Thinking about glue as adapters is useful because it sets a design standard. A well-designed adapter:

  • translates between two specific interfaces without changing either
  • reconciles continuously rather than running once and hoping
  • handles the source being unavailable gracefully
  • surfaces errors through observable, standard mechanisms
  • is maintainable by someone other than the person who wrote it

Most ad-hoc glue fails on at least three of those. That's not a criticism — it's a pattern. Glue starts as a quick script because the need is urgent, and it evolves into a liability because nobody went back to design it properly.


The 60-80% problem

In practice, a significant portion of what a platform team actually builds and maintains is glue. Not Kubernetes. Not Terraform. The code that connects them.
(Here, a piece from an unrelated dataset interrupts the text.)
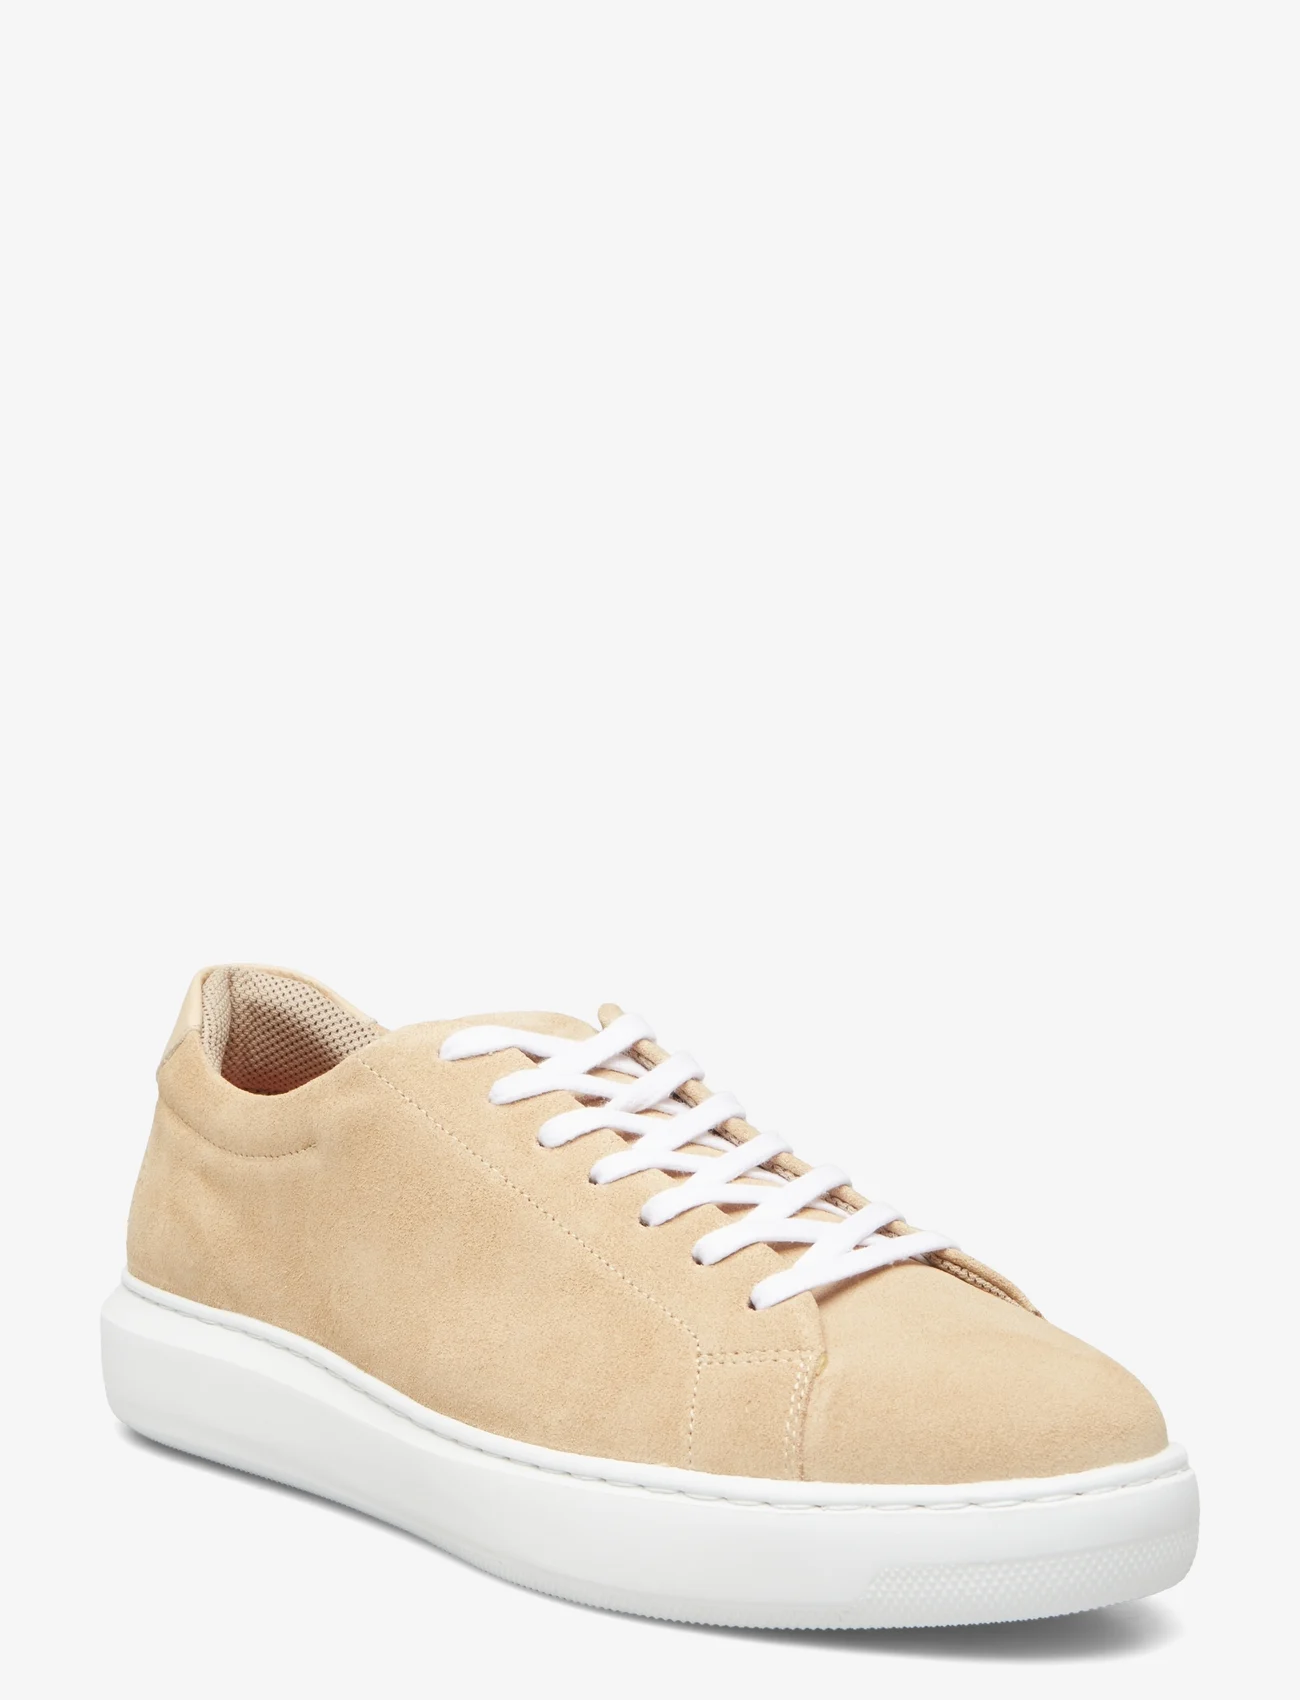 Bianco - BIAGARY Sneaker Suede - low tops - sand - 0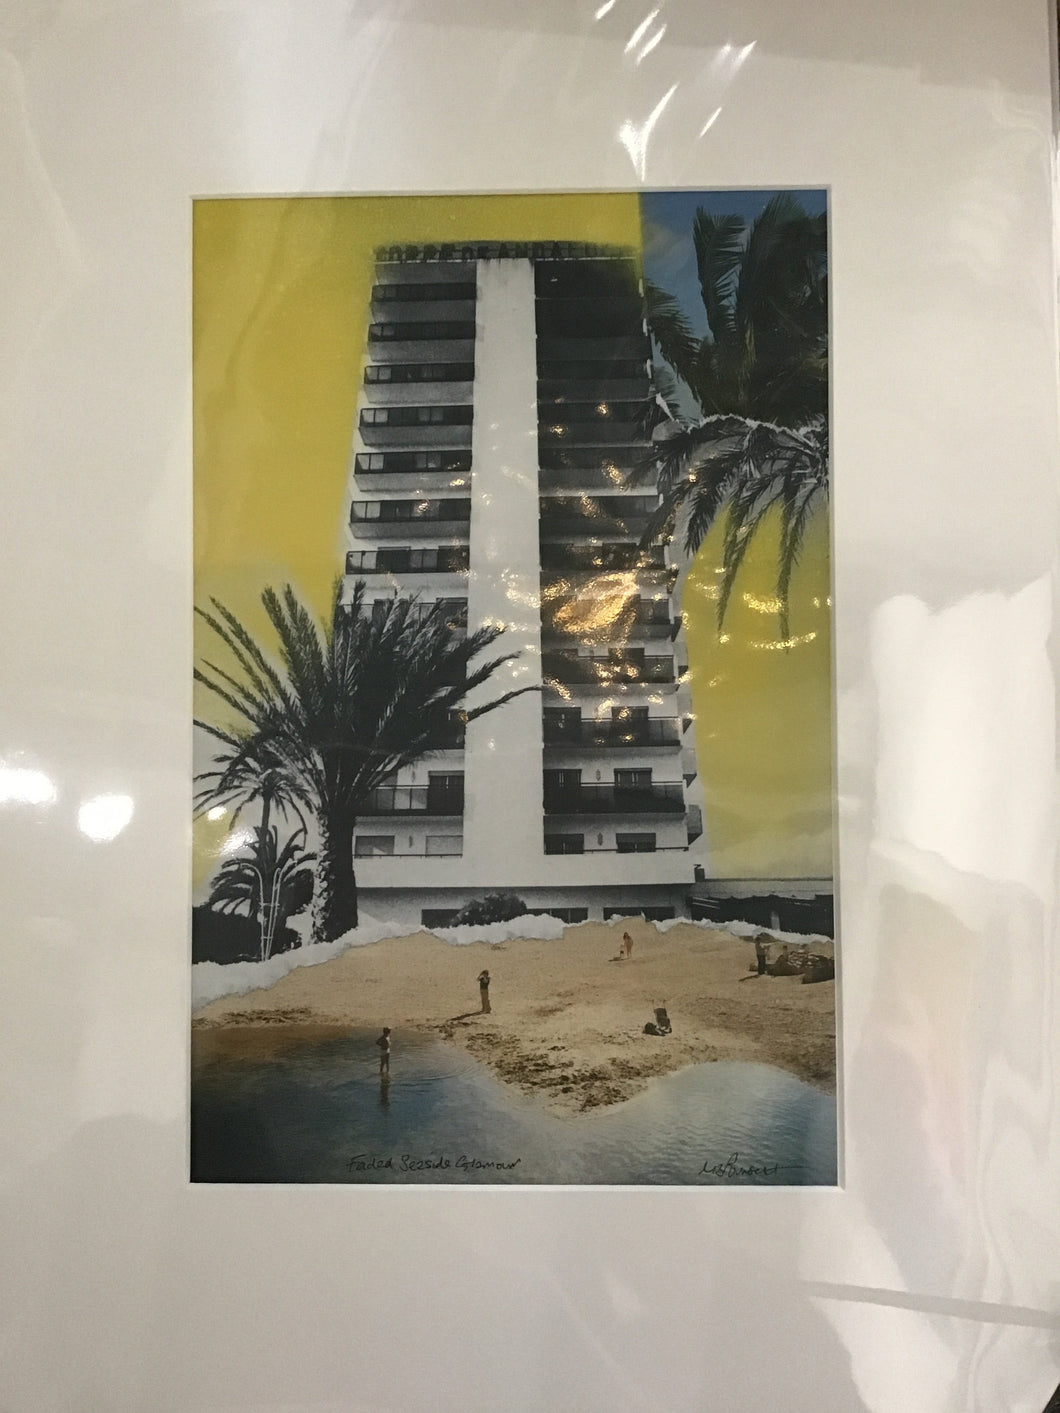 Liz Pounsett - Faded Seaside Glamour Yellow - Print from a collage

This is a pattern that shows up repeatedly in mature platform teams: the tools are 20% of the work, the integrations between them are 80%. And yet most platform teams staff, document, and design for the tools — not the glue.

The teams that handle this well tend to go through the same evolution:

scripts/
  deploy.sh
  create-service.sh
  add-monitor.sh
  update-ingress.sh

This works at small scale. It stops working when you have ten teams, three environments, and a platform that needs to be reliable rather than just functional.

So the scripts get promoted. Some become operators. Some become controllers. Some become platform services with proper APIs. The glue doesn't disappear — it gets intentional design applied to it. The platform stops being a collection of scripts that connect tools and starts being a system with clear interfaces, reconciliation semantics, and something approaching reliability.

That evolution — from glue spaghetti to platform control plane — is its own topic. But it starts with recognizing that the glue is not a side effect of the platform. In many cases, the glue is the platform.